Like the rest of the country, Turkish teenagers taking part for the first time in elections on Sunday have sharply differing takes on Erdogan — the most successful and polarising leader in recent Turkish politics.

His AK Party won elections in 2002 and he took power early the next year, ruling the country since then, first as prime minister and then as president. 

Polls suggest Sunday's vote may be close, with the AK Party possibly losing its parliamentary majority and the presidential vote potentially going to a second round.

Erdogan's supporters, many of them pious conservatives from Turkey's rural heartlands, say he has brought economic growth and restored Islam to public life. Opponents say he has eroded the secular pillars of the republic established by Mustafa Kemal Ataturk and is plunging Turkey into authoritarianism.


Education system 


But the young Turks Reuters spoke to, all born in the first six months of the millennium, share an overriding concern for education and employment prospects.

Arman Tihminlioglu has chosen to attend university in Germany instead of Turkey, saying that repeated changes to Turkey's education system had worried students. A new curriculum adopted last year excluded Darwin's theory of evolution, university entrance exams were changed and money has poured into "Imam Hatip" religious schools.

"The education system has changed seven times during my high school years. Morale is low for all young people, but it is the people who are responsible for all this. After all, we are ruled by those we elect," Tihminlioglu said.

Welat Aydin, a Kurdish citizen in a remote village in the southeastern province of Mardin, is concerned about the status of the Kurdish language, and a lack of resources in schools.

"We did not receive education in our mother tongue. Education is of poor quality anyway. When there is no chemistry teacher, the literature teacher takes chemistry classes. That is why I did not apply for university entrance exams. I didn't believe I would stand a chance," he said.


Foreign policy 


Zeynep Arslan, a volunteer for the opposition Islamist Saadet (Felicity) Party, has been wearing a Muslim headscarf since she was 12 — a right which Erdogan's government championed — but she faults him for his foreign policy.

"Because I'm wearing the scarf, this doesn't mean that I must ignore the country's problems.
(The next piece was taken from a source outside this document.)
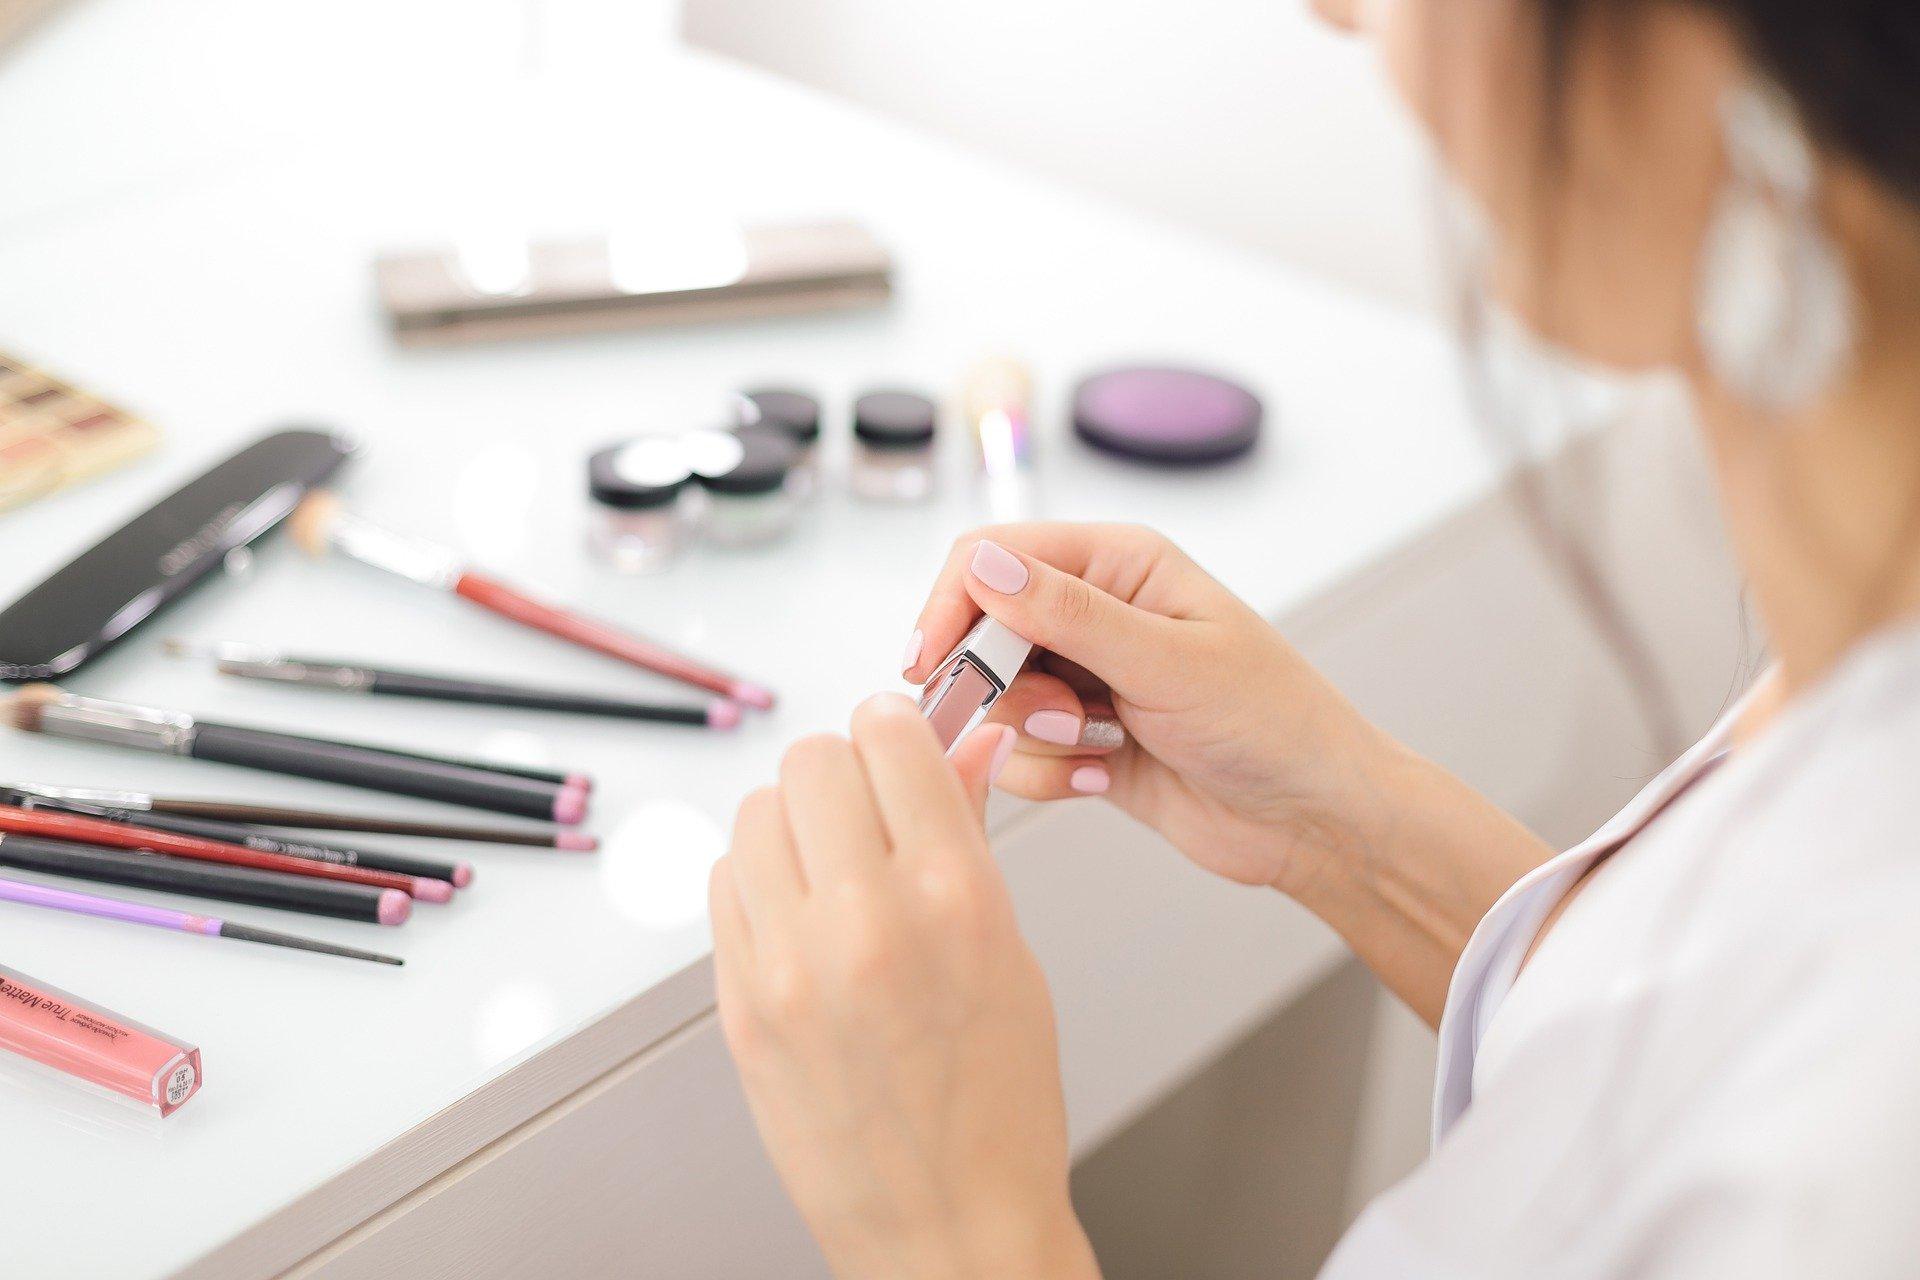 Realidad Aumentada e IA fortalecerán canal de ventas de productos de belleza

This government allows me to cover my head, but it doesn't sever relations with Israel," she said.

In the secular Istanbul district of Kadikoy, Derin Kaleli says she is losing the freedom to choose how to dress. 
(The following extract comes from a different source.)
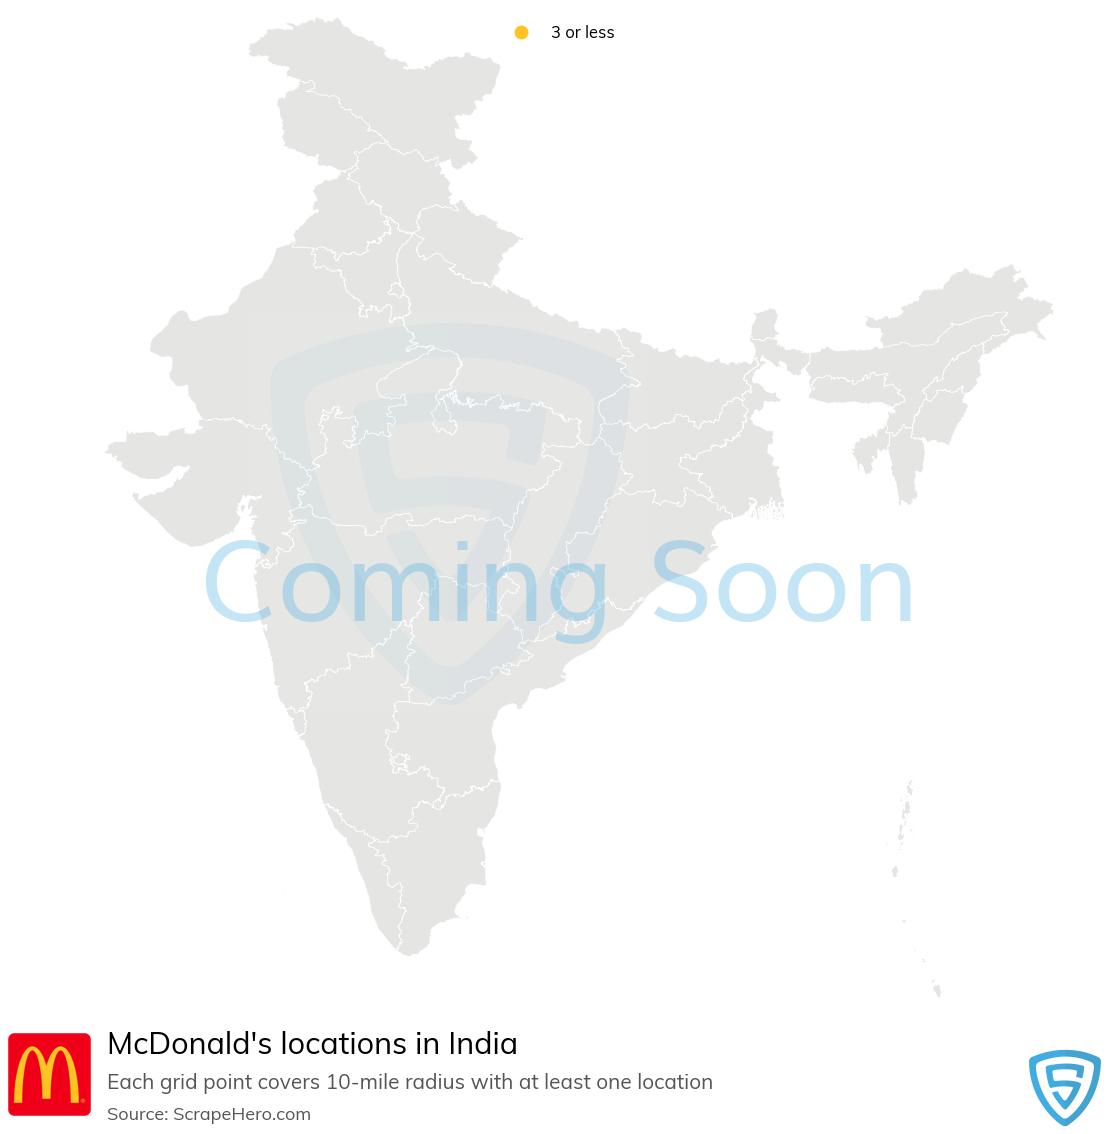 McDonalds Store locations in India

"I cannot wear the clothes I like. People in Europe live as they wish. Here I am not as free as I would like to be. We are becoming more and more conservative. We are worried for the future," she said.

Arslan says Erdogan's supporters are too quick to condemn all opposition as traitors, making life almost unbearable. "There is immense pressure on us. We are living in a society which is similar to George Orwell's 1984," she said.